02 同情せずにはいられなかったはず
「ところでコナン君、さっき“先週から”って言っていたけど、綾瀬さんも何かあったのかい?」

 今後住む部屋に入ると、昴はコナンにある質問を投げかける。工藤邸の玄関口で莉乃を紹介された時のコナンの言い方に少し気になっていたことだった。

「莉乃さん?ボク、アパート住んだことないからよく分かんないんだけど、大家さんが原因なんだって」



「え!?アパート追い出されちゃうの!?」

 1ヶ月程前、莉乃は久しく訪れていなかった毛利探偵事務所に現れた。しかし彼女の来訪よりも、彼女が尋ねて早々漏らした不安に蘭はたいそう驚いた。酒を煽るかのように、莉乃は蘭に差し出された緑茶を飲み干し、1つ溜息を吐く。そして小さく蘭の台詞に頷いた。
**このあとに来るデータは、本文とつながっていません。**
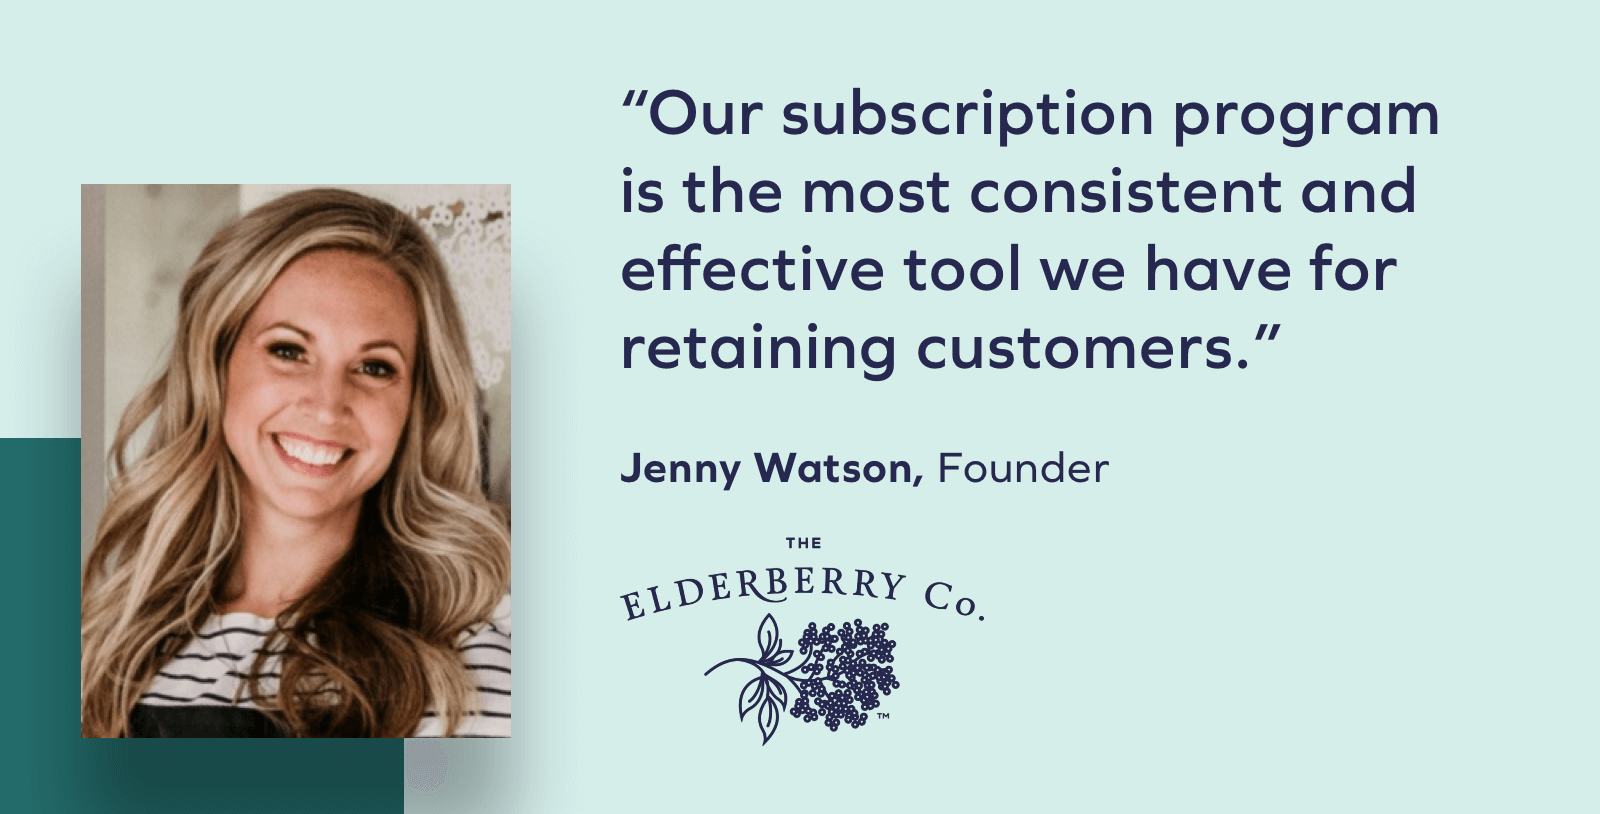 The Elderberry Co. founder, Jenny Watson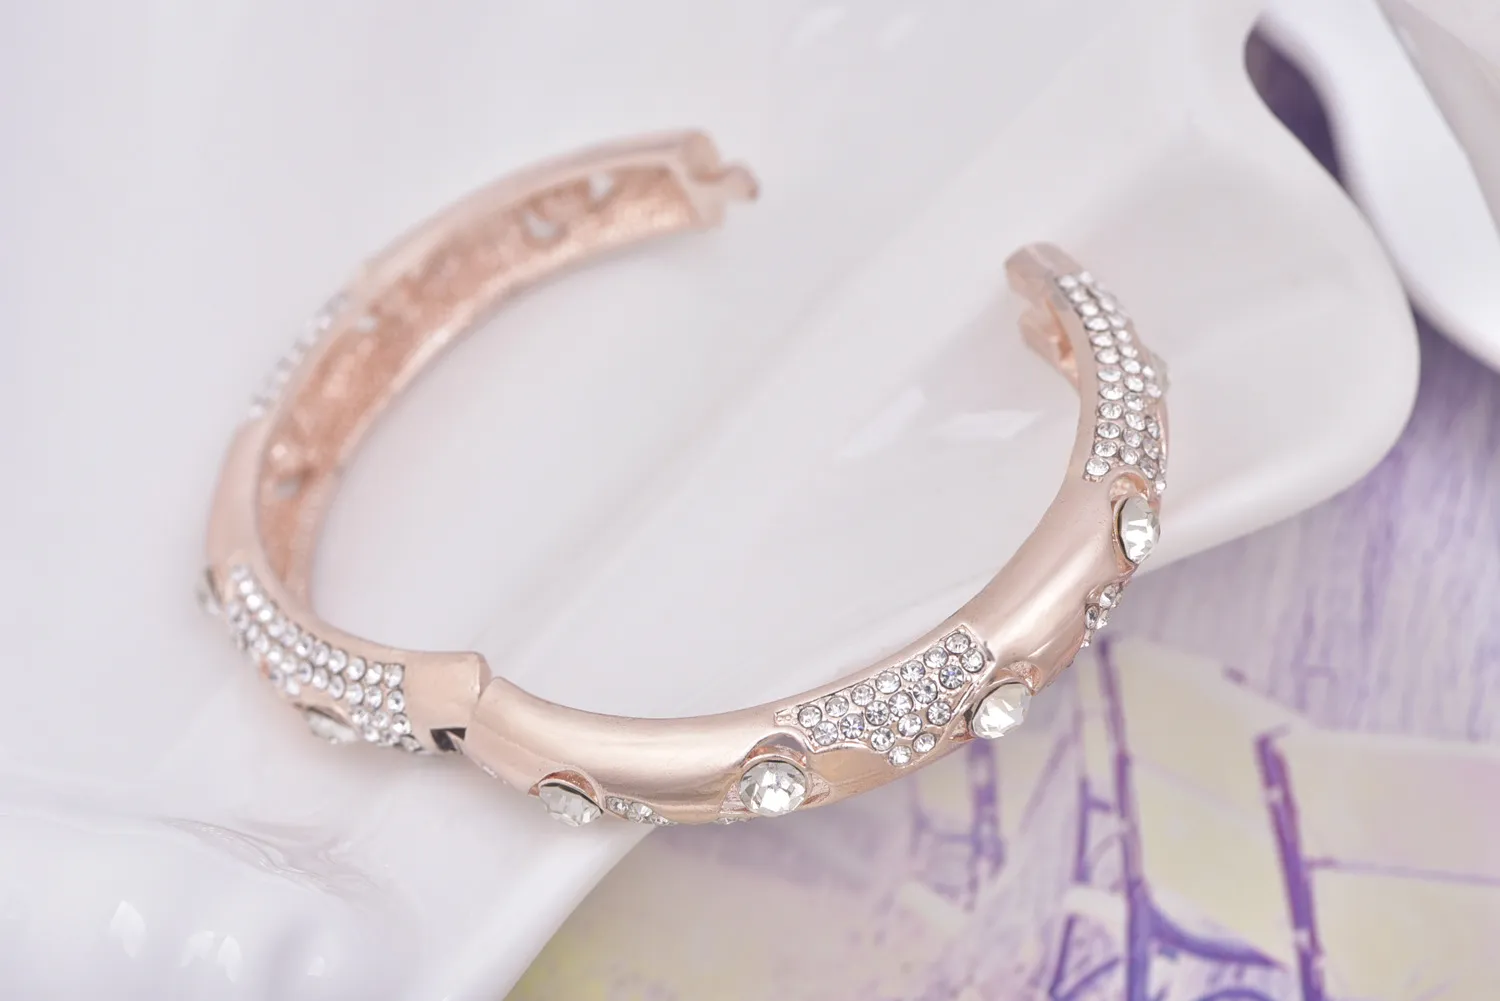 Produttori all'ingrosso di braccialetti di usura della regina del braccialetto rotondo della boutique di modo dell'arco del diamante del braccialetto all'ingrosso esagerato stabilito all'ingrosso

 莉乃は5人兄妹の末っ子だ。そして4人も存在する兄から元々離れたい願望があった。理由は非常に単純。全ての兄が左程部屋数が多くない実家に住んでいる為、自分の空間がどう頑張っても家にはできなかったからだ。
 18歳になる頃には、これまで抑えてきた我慢にも限界がきてしまい、両親に県外の大学を受けることを相談した。両親からもどうにか了承を得て、必死に勉学に励み希望の大学の推薦をもらうと、大学に近い米花町付近のアパートで生活をしていた。
 晴れて実家を離れることができたが、生活は決して楽とは言えなかった。親の仕送りは元々期待していなかったが、口座に毎月振り込まれる金額は、安いアパートに住んでいるものの都内で暮らすには十分ではなかった。両親に相談する際に、仕送りはするが期待はあまりするなときつく言われていたから分かっていたことだが、その条件も飲んだうえでの生活だ。
 悩んでいるだけでは何の意味もなく、授業料や光熱費などを含めた仕送りでは補えない出費はバイトを始めてなんとか間に合わせている。そして凌ぎ続けて1年が経った頃、本人とは全く関係のない問題が発生した。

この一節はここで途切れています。